IEEE/ACM Trans Comput Biol Bioinform. 2018 Mar-Apr;15(2):673-687. doi: 10.1109/TCBB.2016.2636207. Epub 2016 Dec 6.
Identification of combinatorial markers from multiple data sources is a challenging task in bioinformatics. Here, we propose a novel computational framework for identifying significant combinatorial markers ( s) using both gene expression and methylation data. The gene expression and methylation data are integrated into a single continuous data as well as a (post-discretized) boolean data based on their intrinsic (i.e., inverse) relationship. A novel combined score of methylation and expression data (viz., ) is introduced which is computed on the integrated continuous data for identifying initial non-redundant set of genes. Thereafter, (maximal) frequent closed homogeneous genesets are identified using a well-known biclustering algorithm applied on the integrated boolean data of the determined non-redundant set of genes. A novel sample-based weighted support ( ) is then proposed that is consecutively calculated on the integrated boolean data of the determined non-redundant set of genes in order to identify the non-redundant significant genesets. The top few resulting genesets are identified as potential s. Since our proposed method generates a smaller number of significant non-redundant genesets than those by other popular methods, the method is much faster than the others. Application of the proposed technique on an expression and a methylation data for Uterine tumor or Prostate Carcinoma produces a set of significant combination of markers. We expect that such a combination of markers will produce lower false positives than individual markers.

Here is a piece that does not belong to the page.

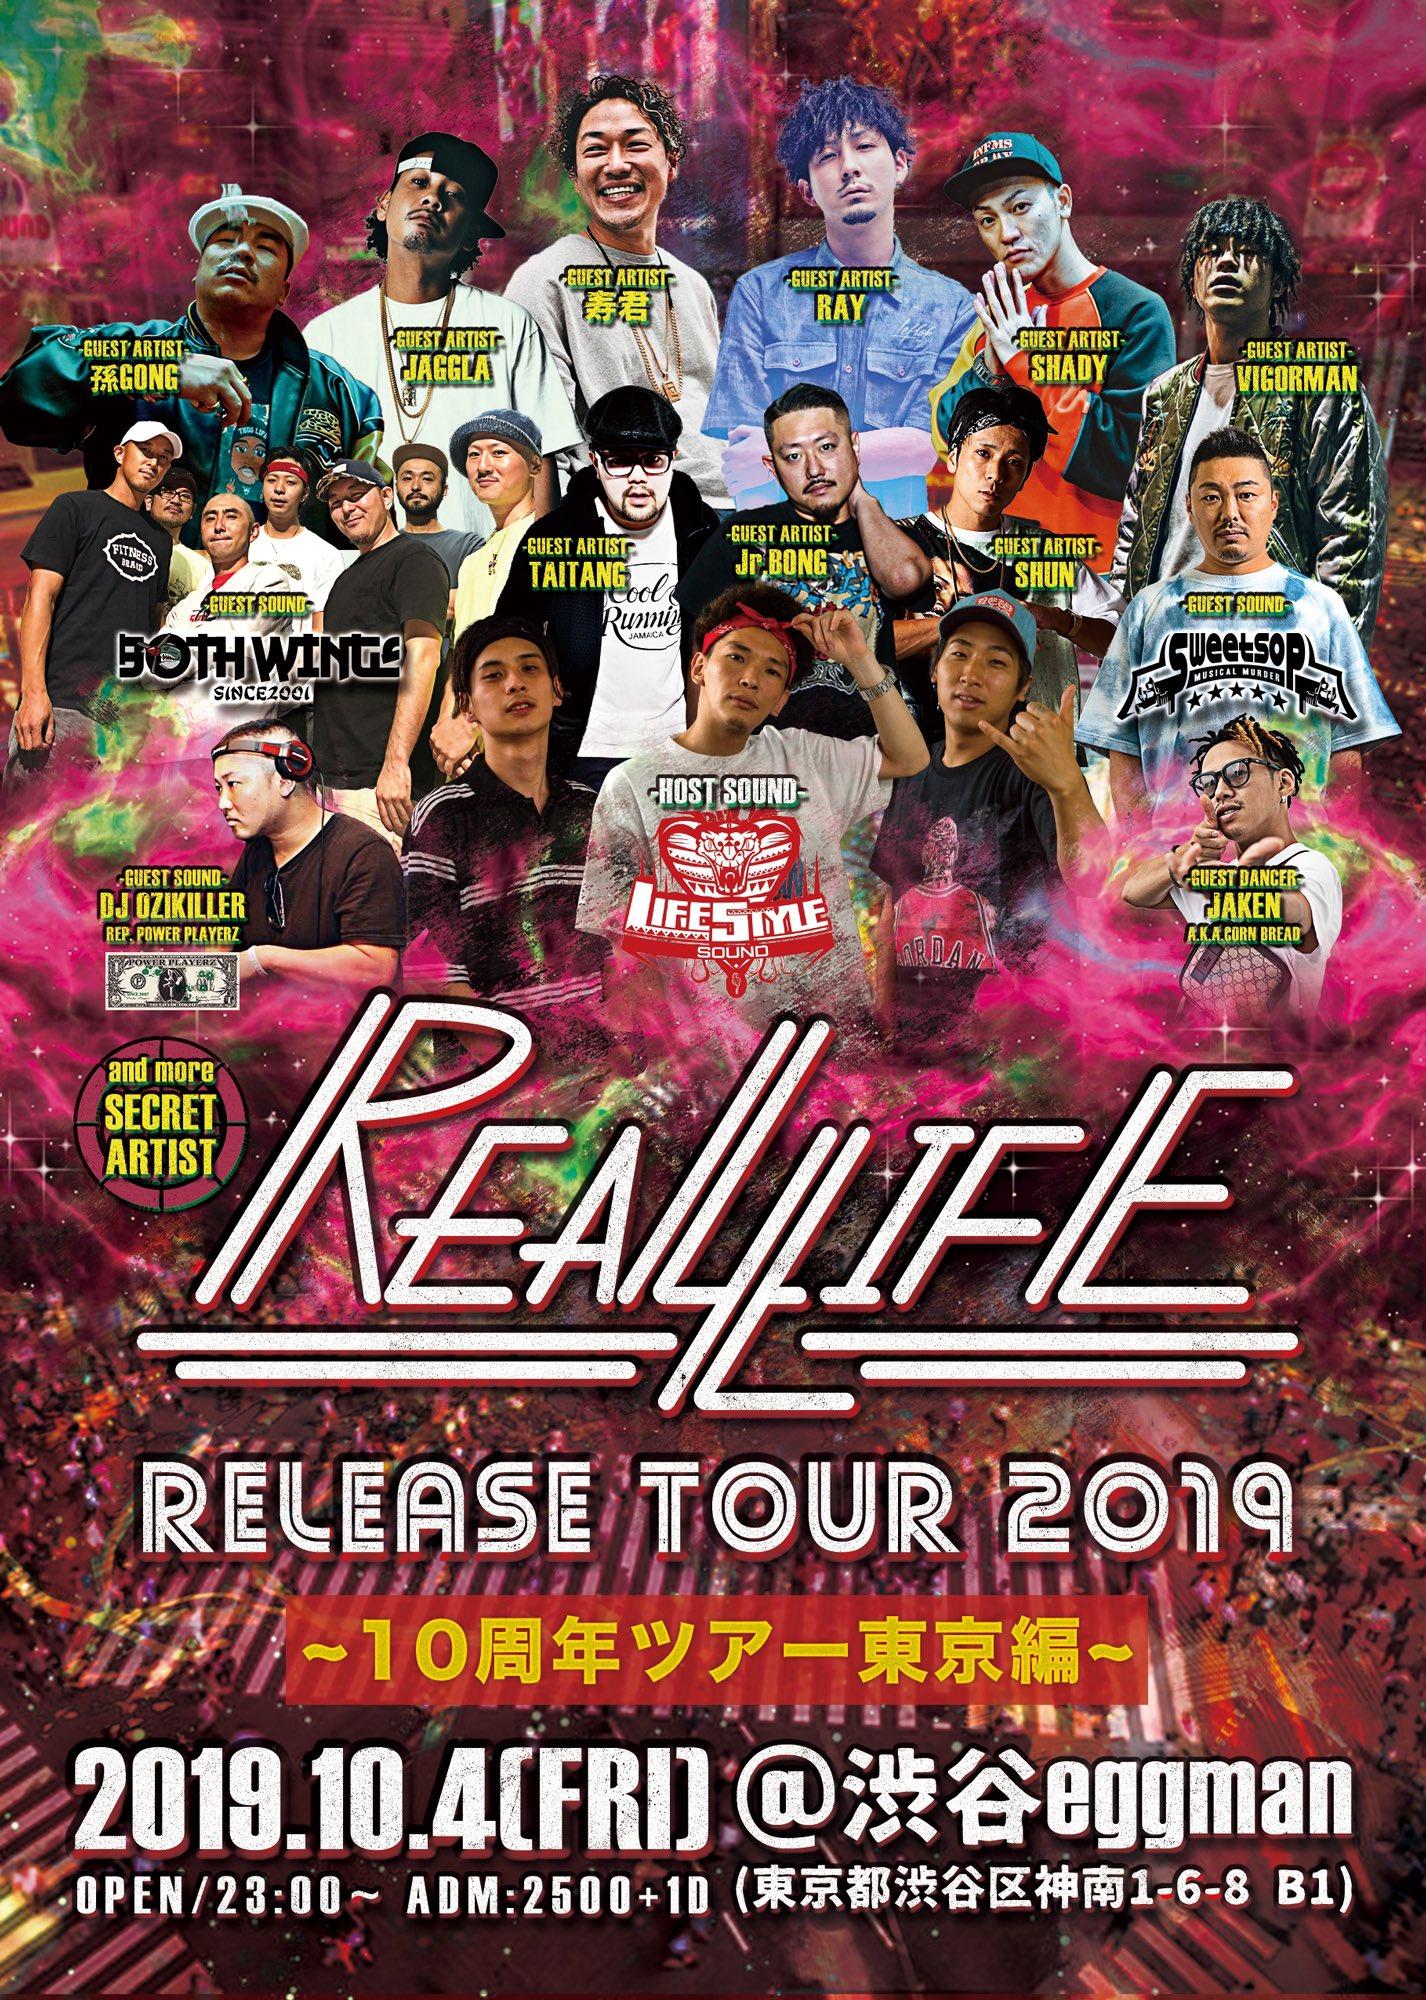 LIFE STYLE RELEASE TOUR 2019<br>~10周年ツアー東京編~
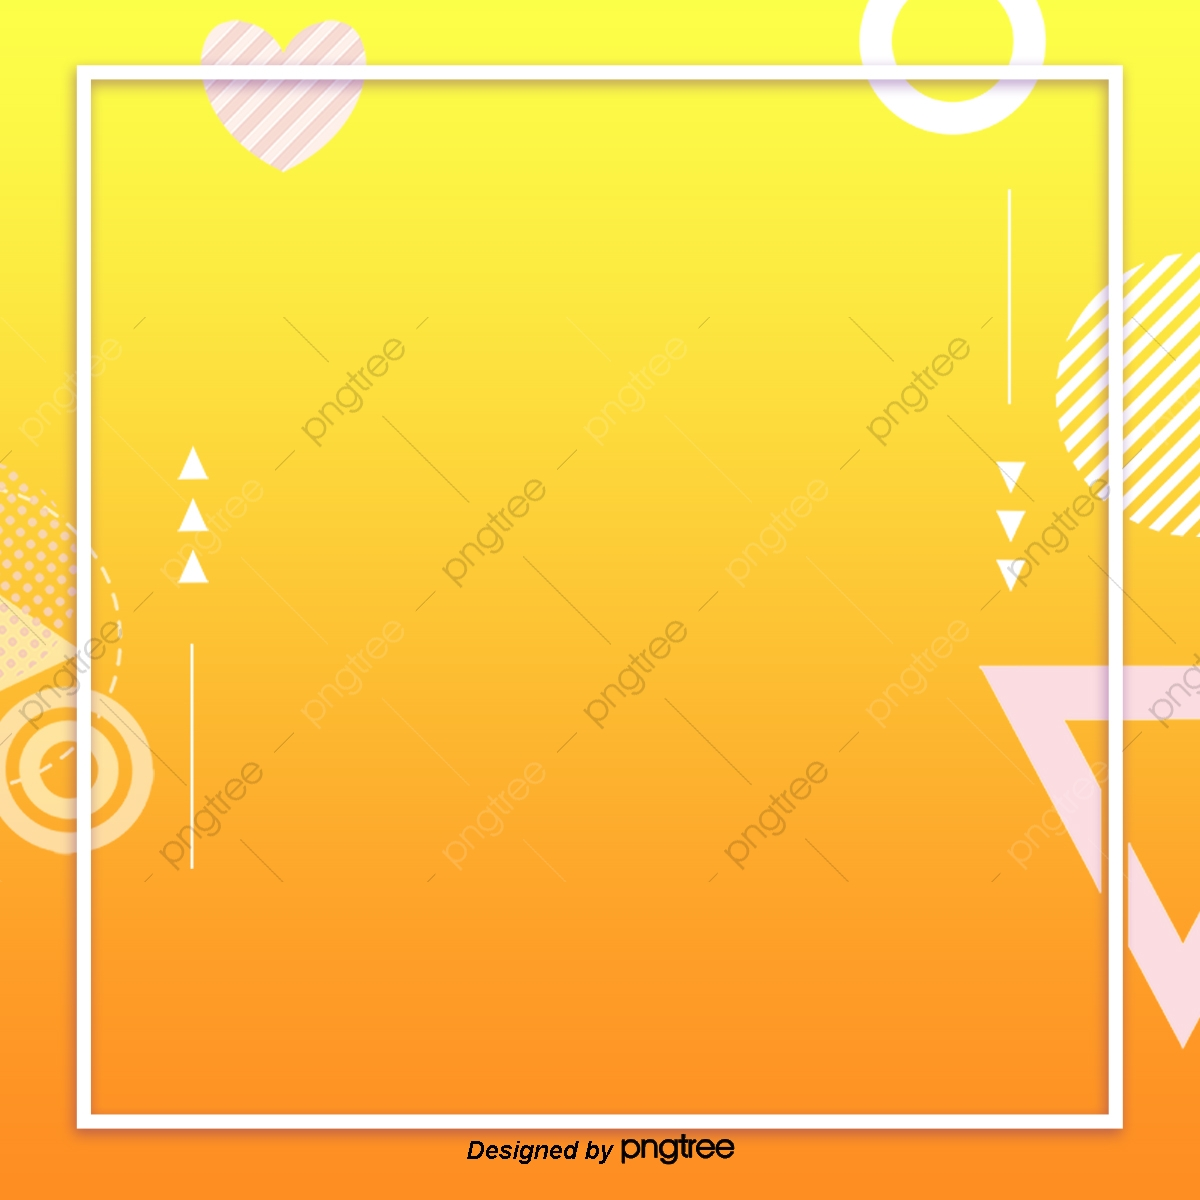 Download 63+ Background Kuning Gold HD Gratis

从多个数据源中识别组合标记是生物信息学中的一项具有挑战性的任务。在这里,我们提出了一种新的计算框架,用于使用基因表达和甲基化数据识别有意义的组合标记(s)。将基因表达和甲基化数据集成到单个连续数据以及基于其内在(即反演)关系的(离散后)布尔数据中。引入了一种新的甲基化和表达数据的组合得分(即),该得分是在集成连续数据上计算的,用于识别初始非冗余基因集。此后,使用一种著名的双聚类算法,在确定的非冗余基因集的集成布尔数据上识别(最大)频繁封闭同质基因集。然后提出了一种新的基于样本的加权支持(),该支持在确定的非冗余基因集的集成布尔数据上连续计算,以识别非冗余有意义的基因集。排在前几位的基因集被确定为潜在的 s。由于我们提出的方法生成的有意义的非冗余基因集数量少于其他流行方法,因此该方法比其他方法快得多。将所提出的技术应用于子宫肿瘤或前列腺癌的表达和甲基化数据会产生一组有意义的标记组合。我们期望这样的标记组合比单个标记产生更低的假阳性率。